A actividade interior da Papisa reflecte-se ao nível do conhecimento pessoal; é a intuição feminina que tem a capacidade de desvelar os aspectos latentes ou ocultos no plano do inconsciente. O aspecto subjectivo da verdade interna é aqui predominante. A Papisa cuida e nutre das partes essenciais do Ser; ela vela e aguarda o nascimento de um novo Ser – o filho, esperança de vida, reproduz-se a partir do mais íntimo e oculto dos processos.
O livro da Tora, o livro do conhecimento que ela tem no seu regaço, simboliza a sabedoria interna necessária para o desenvolvimento daquilo que está em germe ou que se encontra ainda na forma embrionária.
A reflexão e a análise surgem aqui como a forma de diferenciar o que é essencial, em contraste com o lado mais superficial das coisas.
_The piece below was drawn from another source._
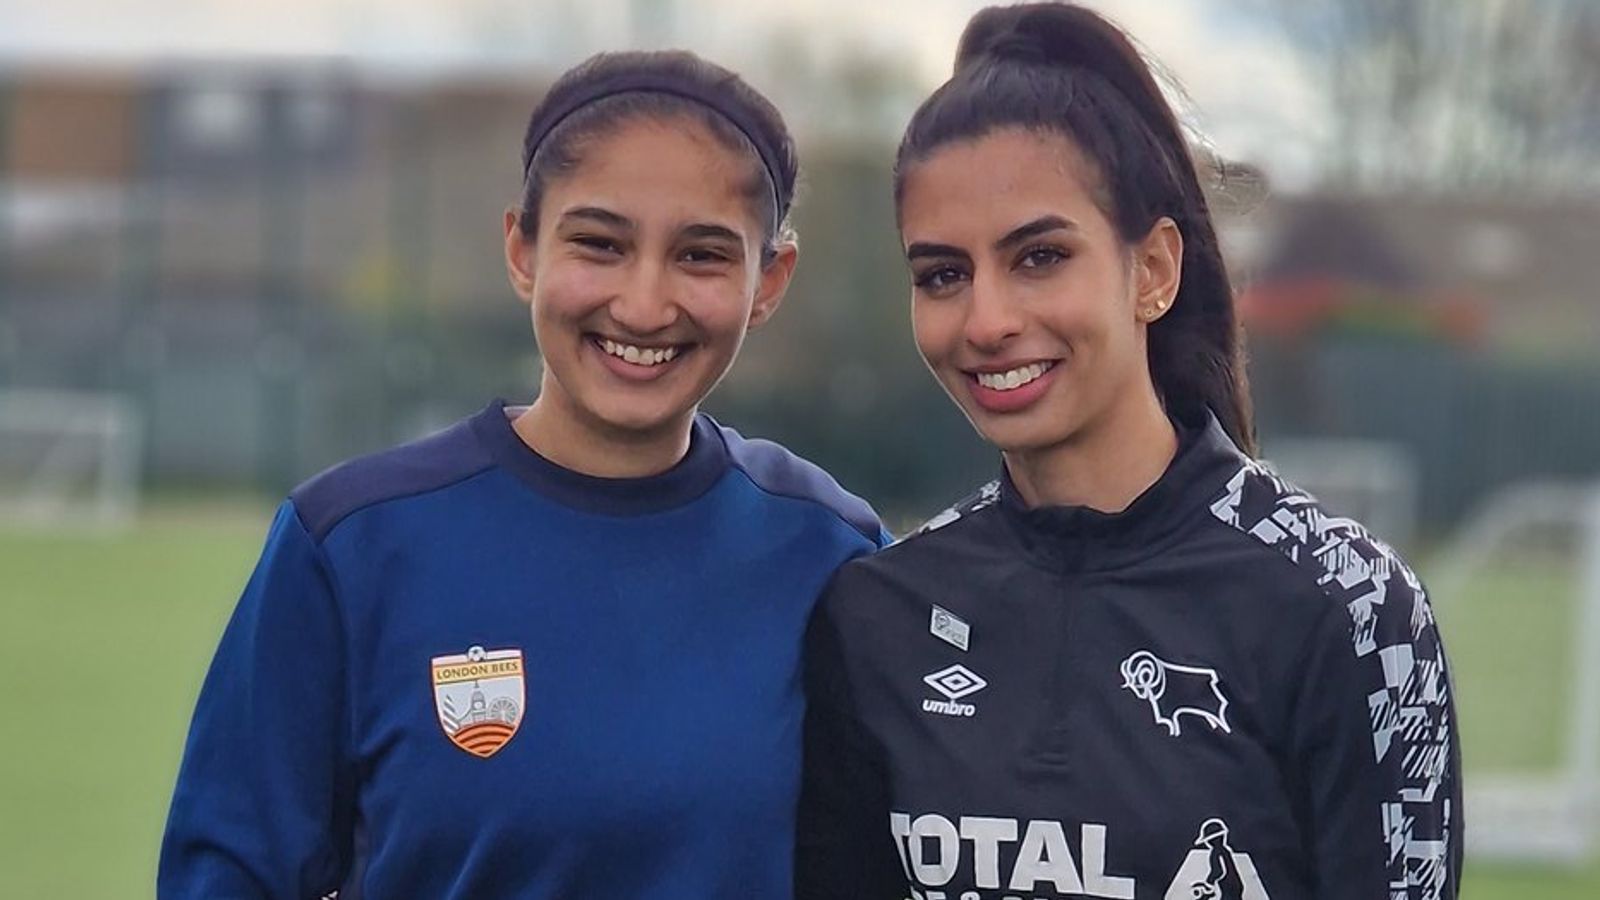 Women's football: Derby County's Kira Rai calls for action on diversity ahead of..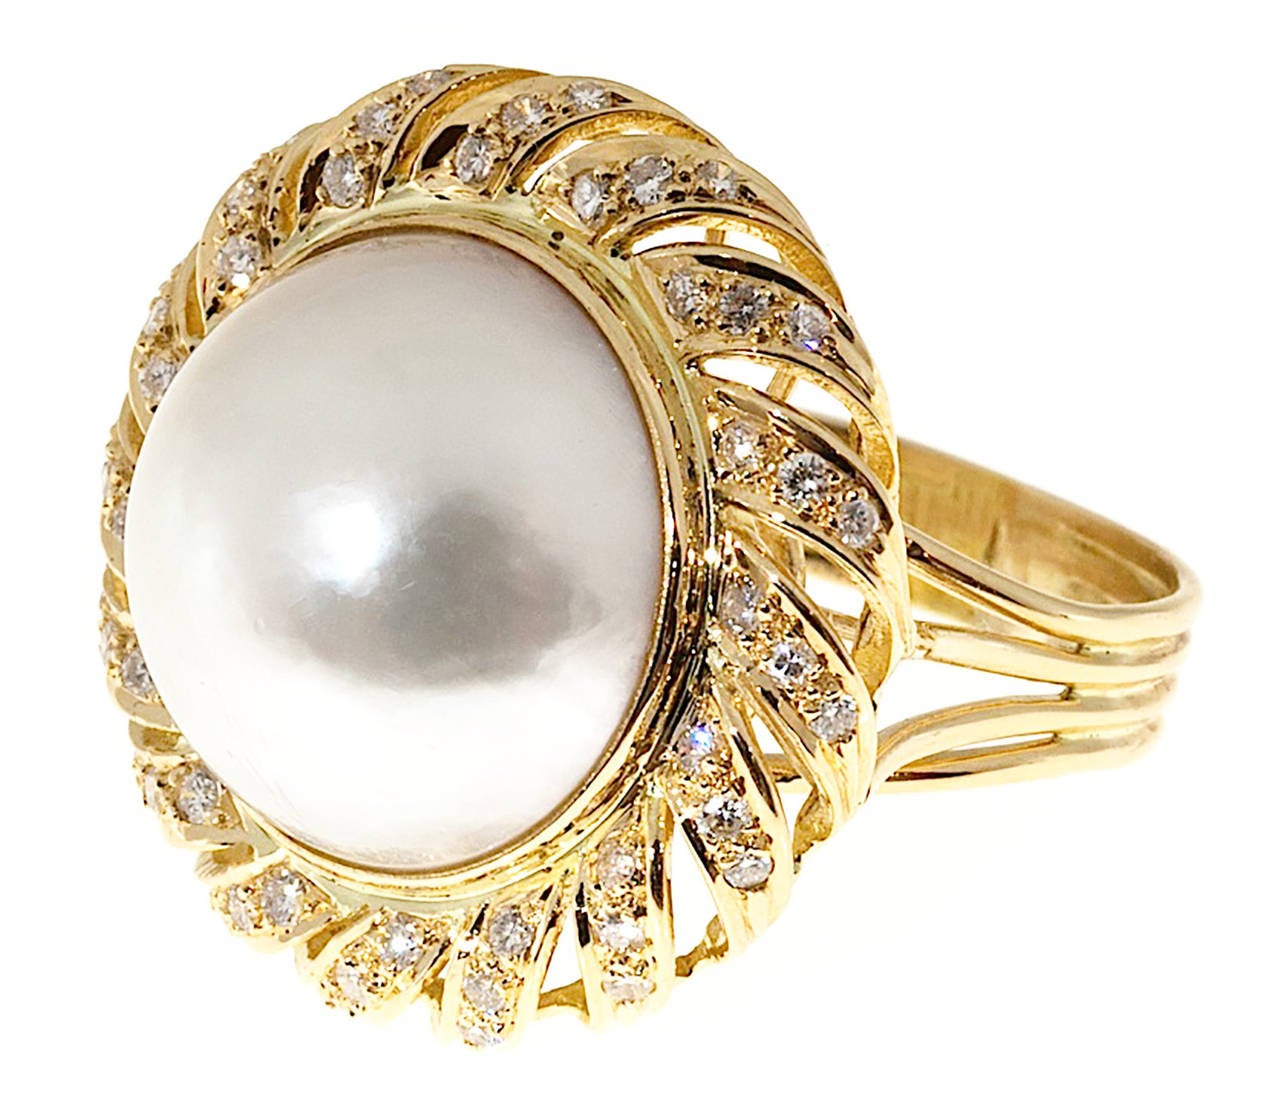 Pearl and Diamond Gold Swirl Ring For Sale at 1stdibs

A Papisa procura conter em si os aspectos mais íntimos pela via da identificação. O segredo, o silêncio e a solidão, são algumas das formas de preservar o que é importante. O lado do amor maternal, e a imagem da Virgem são talvez os aspectos mais fiéis para representar a essência deste arquétipo.
Com a Papisa aprendemos a atravessar o portal do santuário interno, do instinto à intuição; aprendemos a reconhecer o valor da auto-estima e da auto-suficiência, em pleno contacto com a Força-Mãe.